* Exercise goal
The listing is to be repeated exactly, and its pictures are to be left out.

* Supplied data
Content starts

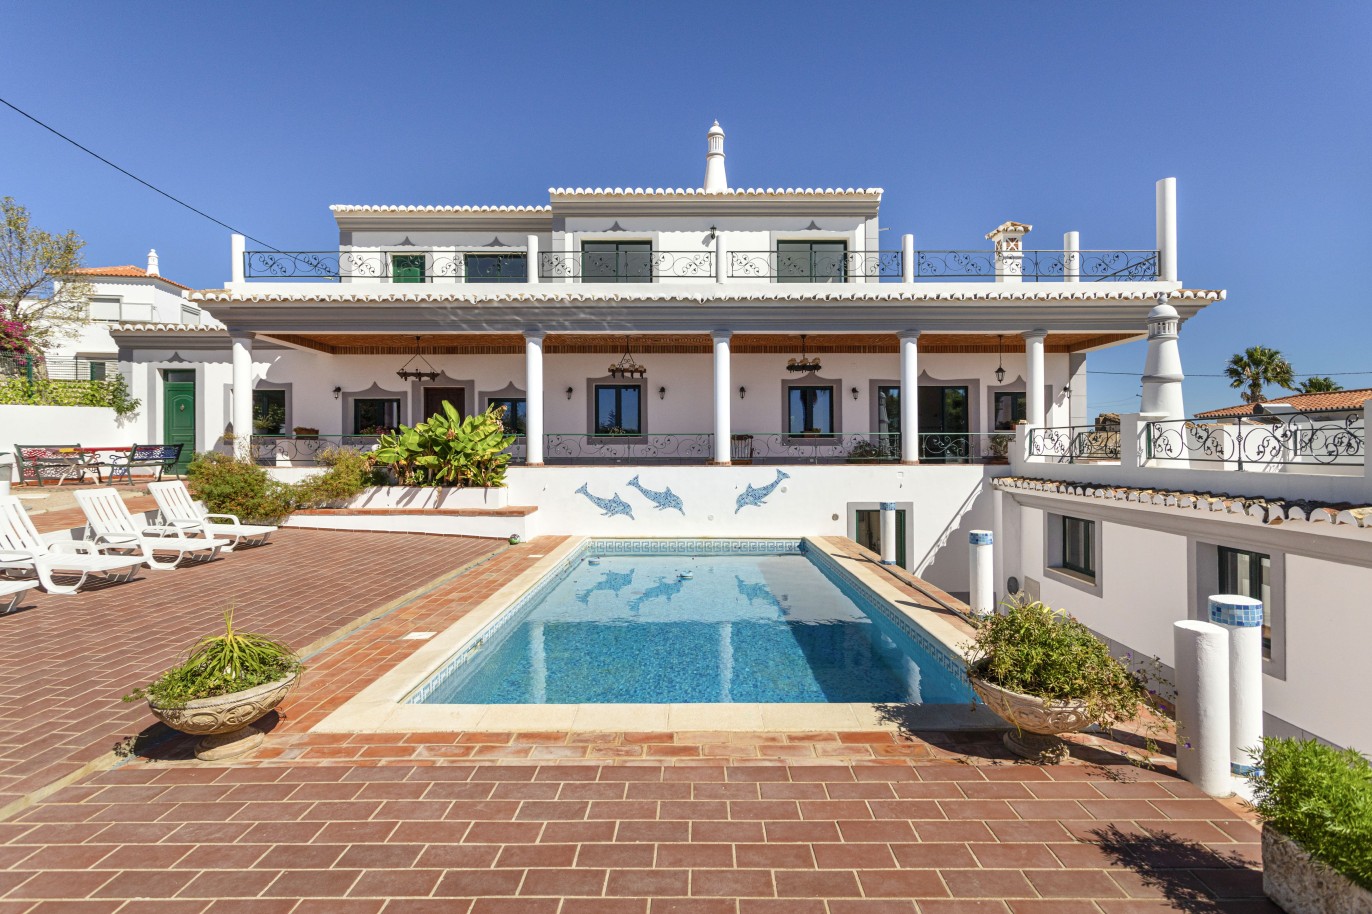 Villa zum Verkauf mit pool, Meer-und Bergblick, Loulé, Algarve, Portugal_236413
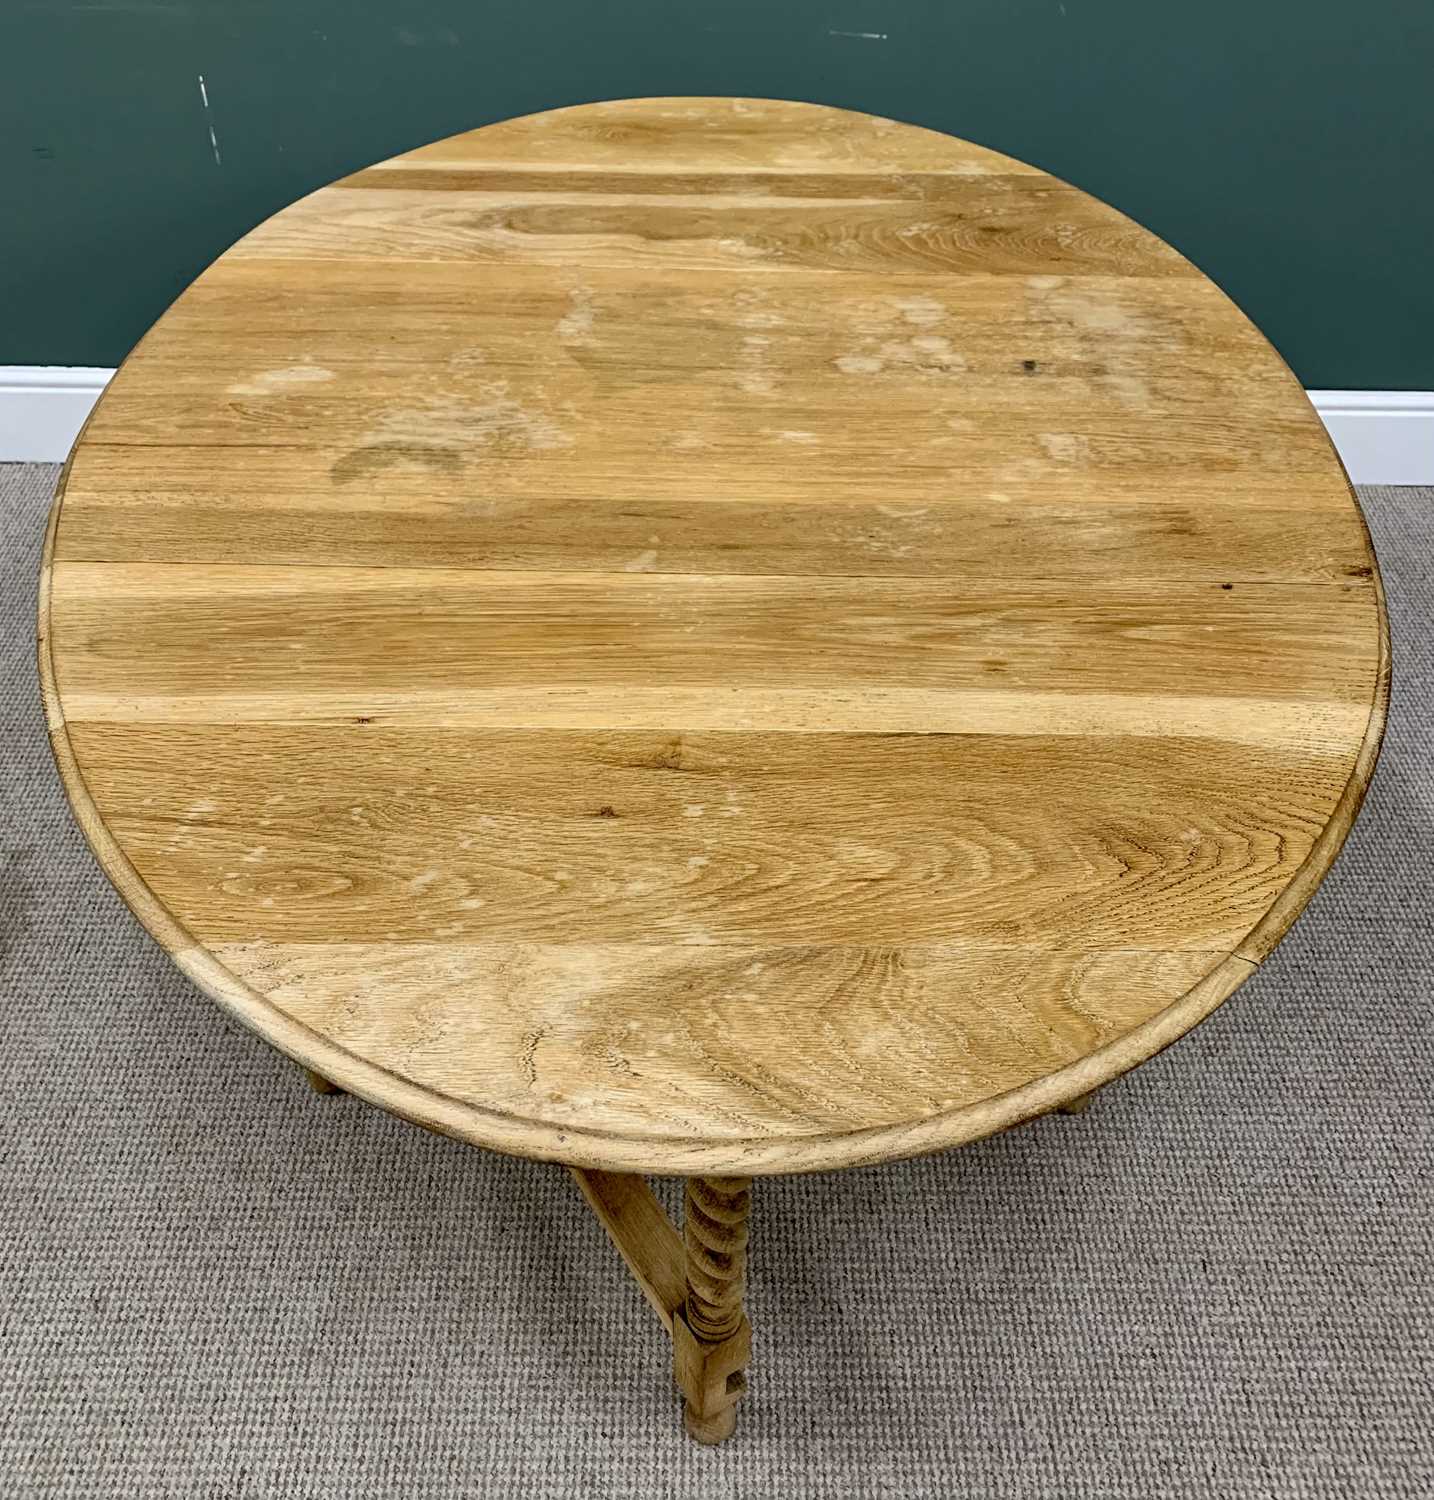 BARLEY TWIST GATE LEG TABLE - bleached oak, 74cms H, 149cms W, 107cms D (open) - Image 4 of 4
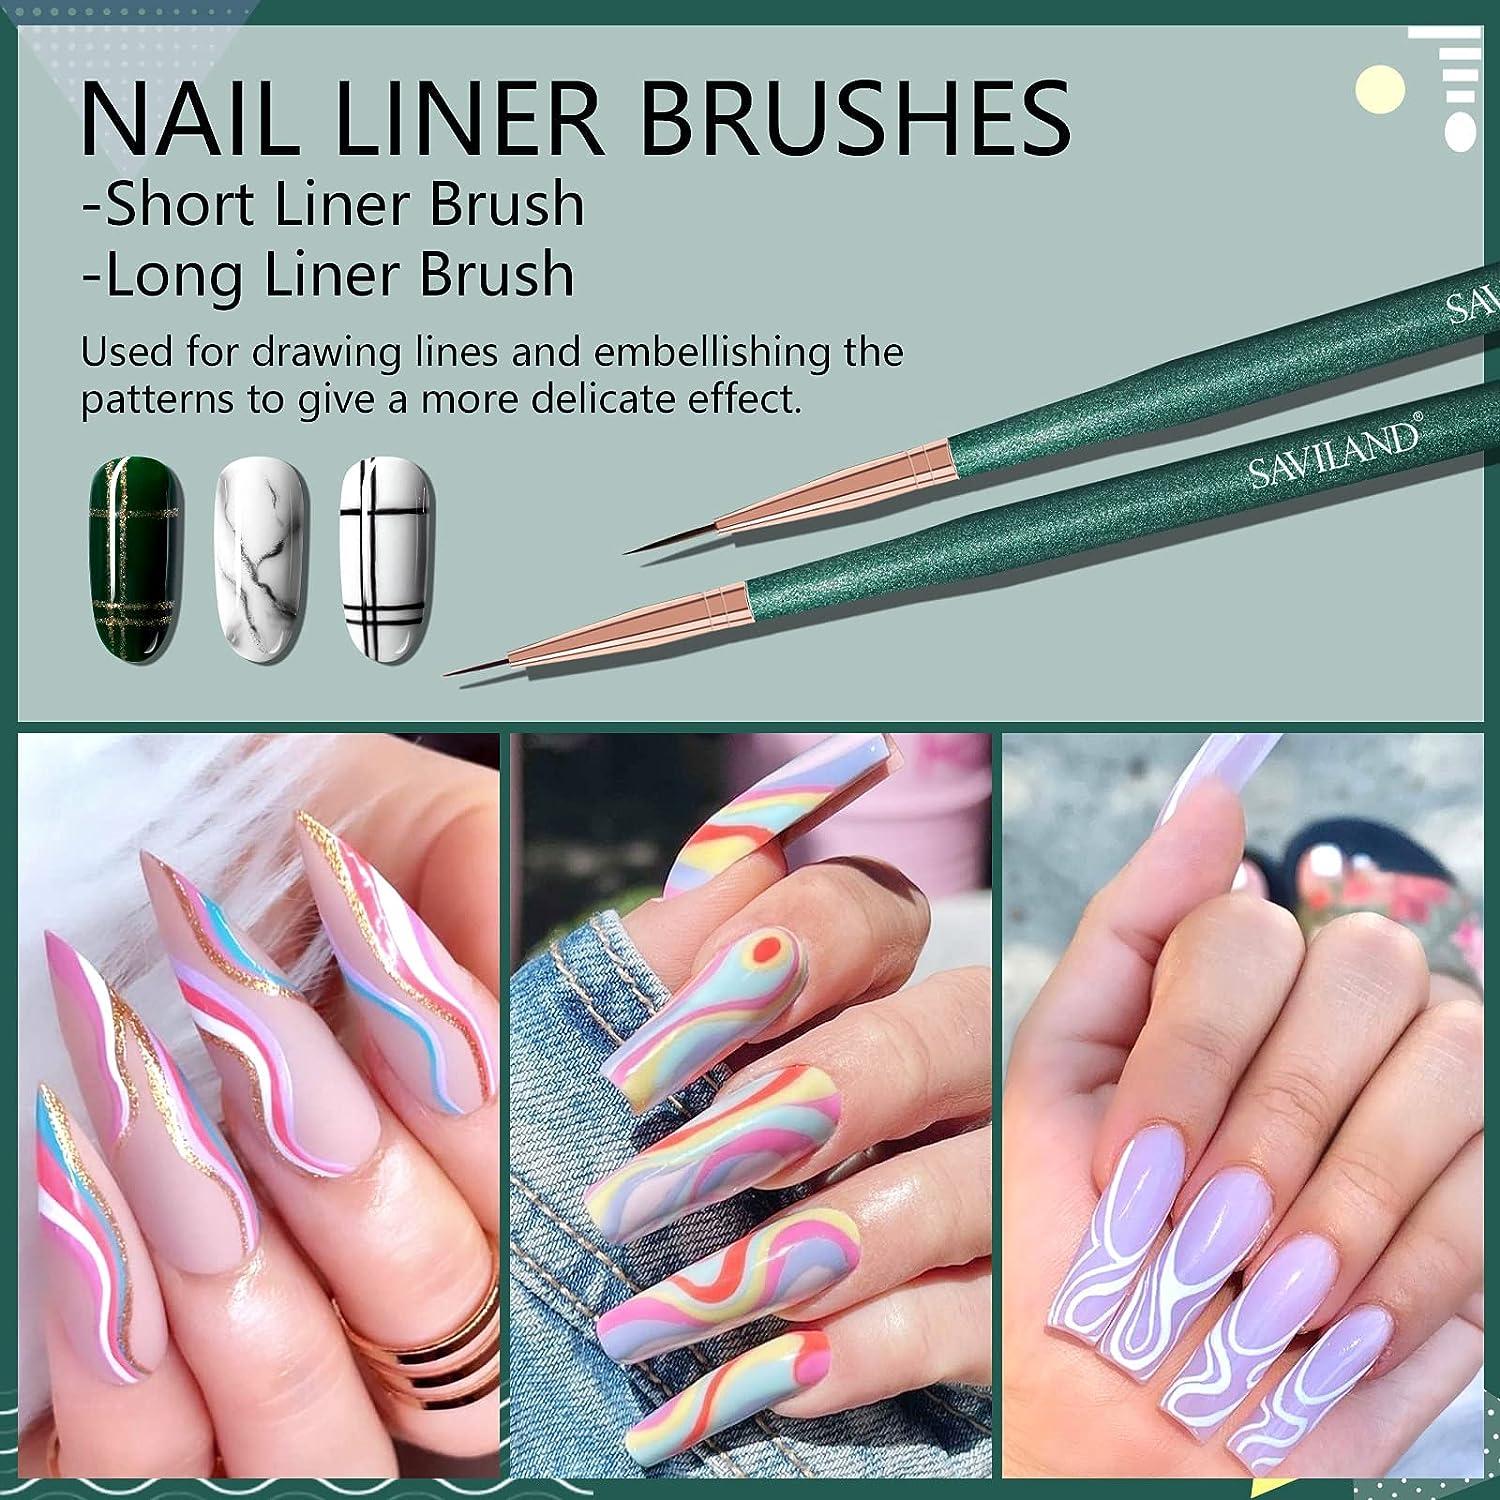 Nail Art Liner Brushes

Content ends

* Response to the task
 Villa zum Verkauf mit pool, Meer-und Bergblick, Loulé, Algarve, Portugal_236413
 BARLEY TWIST GATE LEG TABLE - bleached oak, 74cms H, 149cms W, 107cms D (open) - Image 4 of 4
 Nail Art Liner Brushes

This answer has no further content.